I'd apprecaite advice on anyone who has been in a similar situation, how to figure out this cyclical relationship pattern stuff, and if there is any recovery here - or how to move forward single again if thats really gods will.

Things came to a head last night. We are very busy individuals but the last few months have been neglecting the little time we have for each other. We've both rejected each others attempts to communicate by bringing up the latest transgressions. We talked, she says she loves me and doesn't want to hurt me, but that our marriage is dead and since every time we've worked things back on track it only lasts for a couple months then I mistreat her constantly again. 

The cycle we've experienced is we work hard on our marriage for a few months and things are good, then we get busy with work or school or projects and work on our own stuff.
Then I'm not meeting her needs so my cute ineptness or forgetfulness are suddenly malicious acts, and my playful verbal jokes are all attacks and criticisms. We'll still be doing shared activities and parenting and occasionally have a good time together, but everything I do is overshadowed by something and resentment starts to grow. She will remember very few nice things in hindsight and only 'a million paper cuts'.
Then our communication starts to be stonewalled, I'd rather stay home than do a family event, and we're painful to be around each other.
Then something happens, some stupid comment or rude action, and a week or so later she presents her realization that we are not meant to be, that our marriage is unsavable, she will separate or divorce.
Then a few weeks of silence.
Then we see each other while swapping kids, start talking, acting decent and not fighting. 
Over a week to a few months, we eventually dig into the latest reason of the breakup, make a plan to resolve the issues, commit to coming back together stronger than ever.
Cycle up, the whole cycling taking a good 1-1.5 years.
The issues coming to head as physical fights the first time, then verbal fights/abuse, then physical/emotional abandonment when she was sick, then emotional abandonment and alcoholism, now emotional/physical abandonment.


----------



## den-dad (Dec 21, 2014)

When we were talking and she saying its over, we dug into finding her submissiveness/tolerating the beginning irritating stuff (and softly rebuking it and telling me to stop, in what I perceived as a playful manner), is the same behavior she learned at childhood from dealing with her abusive dad, and seeing in their marriage. My overbearing/withdrawing stuff (stepping on her overly soft nature, absorbing in work/projects, avoiding conflict by stonewalling/leaving) are exactly what I saw my dad do. So this is some deep set stuff that neither of us are even really conscious of at the time, or know how to resolve if we do. 
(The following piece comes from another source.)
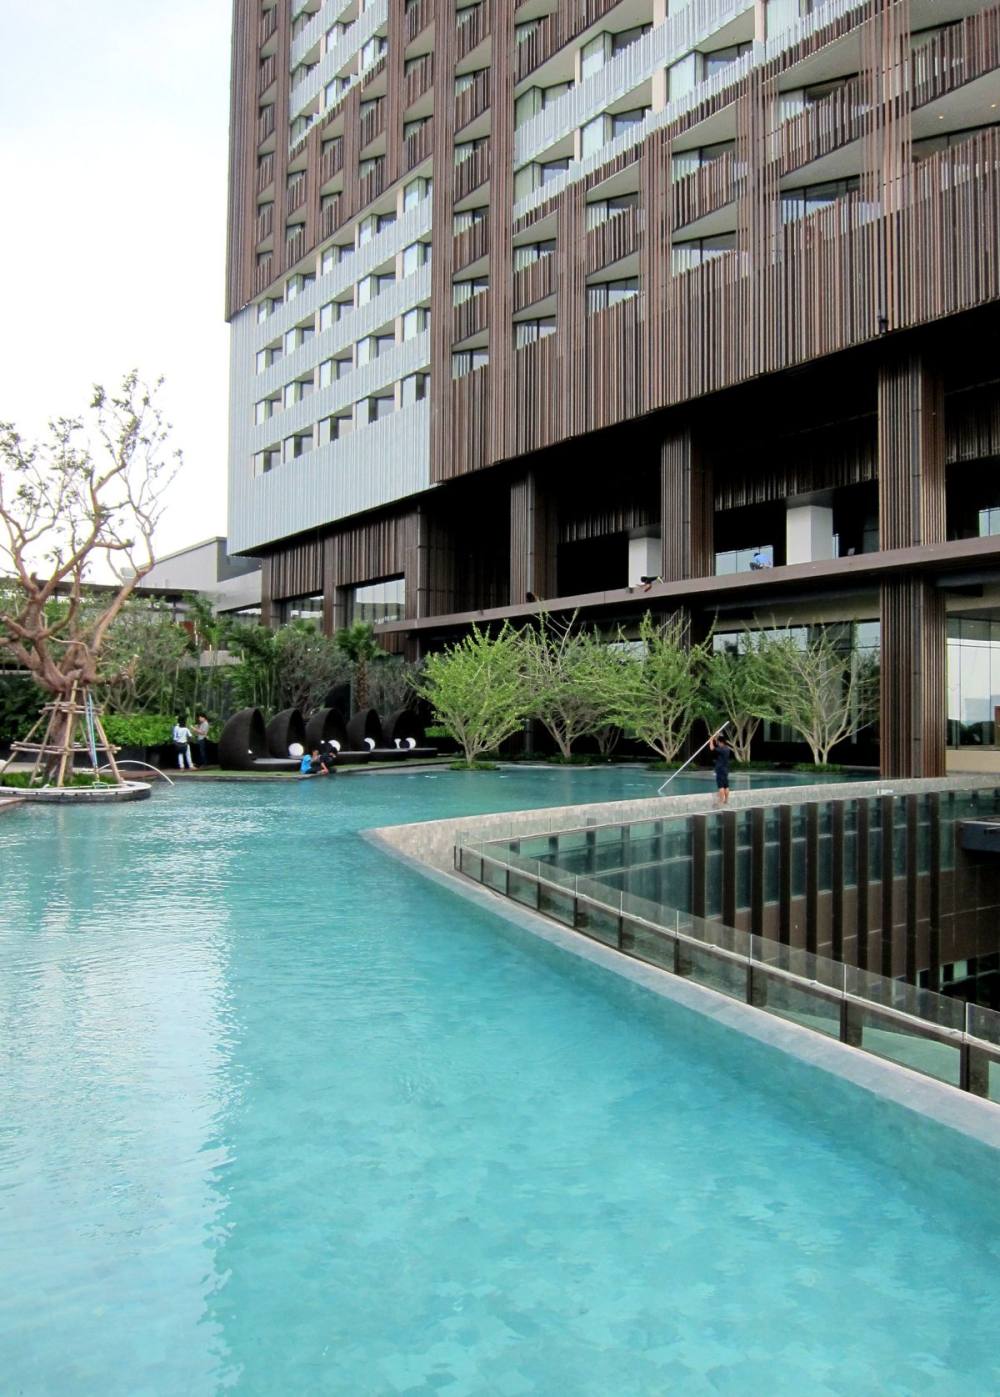 泰国芭堤雅希尔顿酒店景观设计_tr_190111_11.jpg
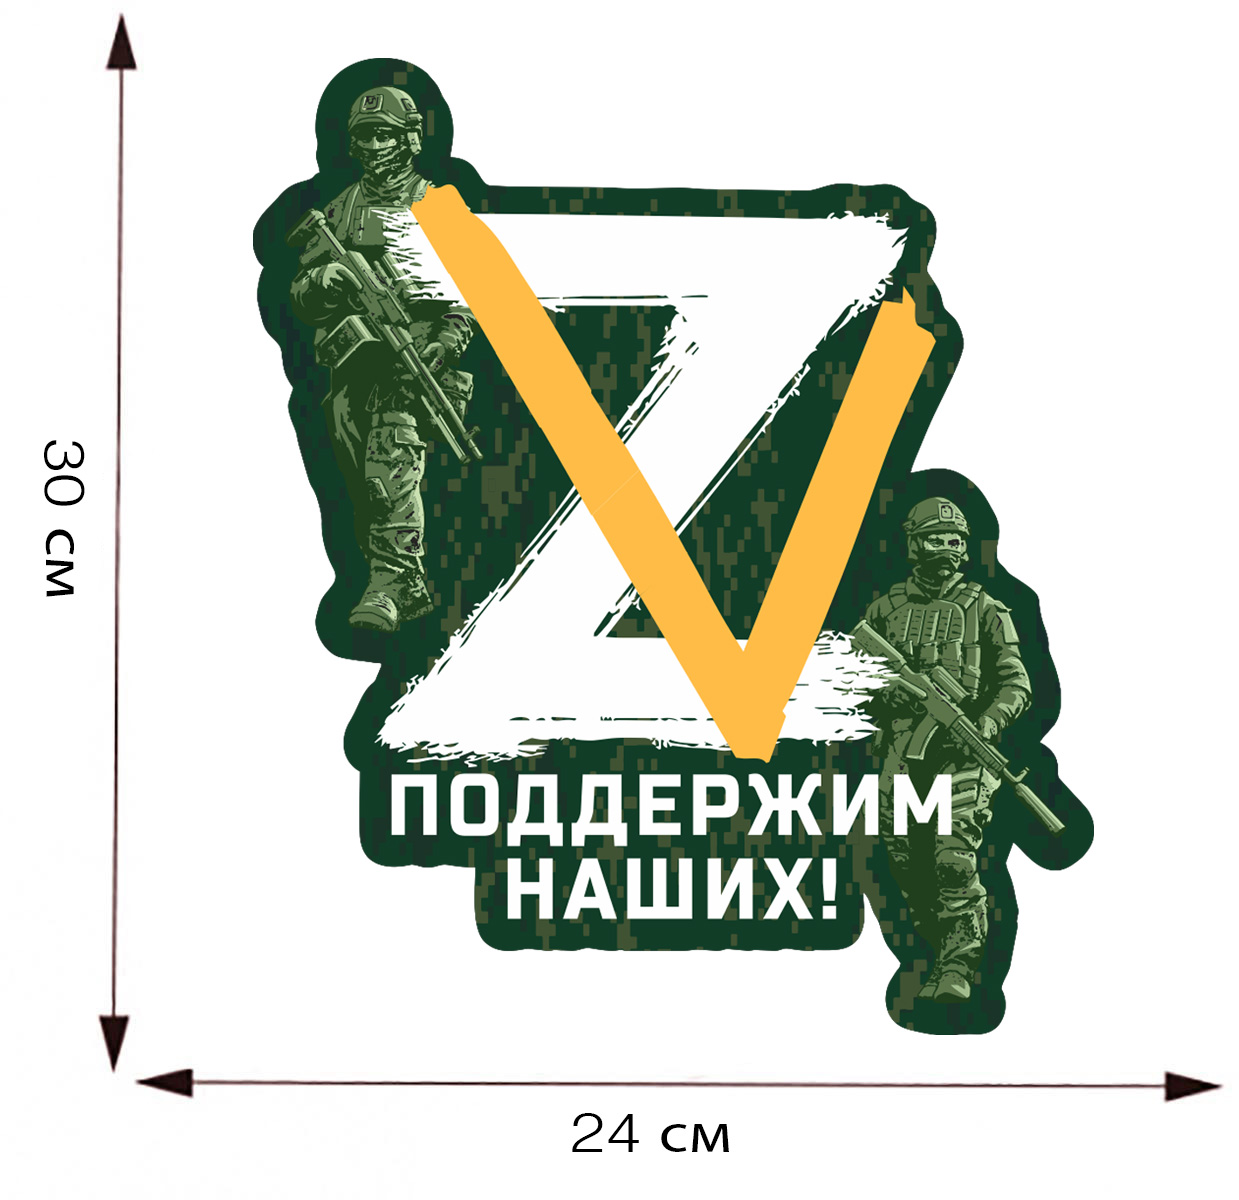 Автомобильная виниловая наклейка "Спецоперация Z-V" - размер

So we have our small circle, which ties into the bigger cycle of our parents.


----------



## den-dad (Dec 21, 2014)

We both don't want to leave the home (she would like me to leave which is the only thing she's said so far that I've gone against, I'm rolling with the rest everything for now for the sake of peace), so she's putting a second bed in the bedroom and treating me cold as hell, but at least we're both here for now and the kids are good.

I told her I don't want the cycle to repeat either because it hurts us both so much each time, the hopelessness of that the reason for a permenant divide. I have told her I believe in our marriage however and will do whatever I can to preserve/maintain our family. We agreed we both love each other so dearly, and that we really weren't doing much to consiously hurt each other, but it sure happened. I proposed a longer term counseling (1yr, as her concern is we'll drop out after a few months), she rejected. 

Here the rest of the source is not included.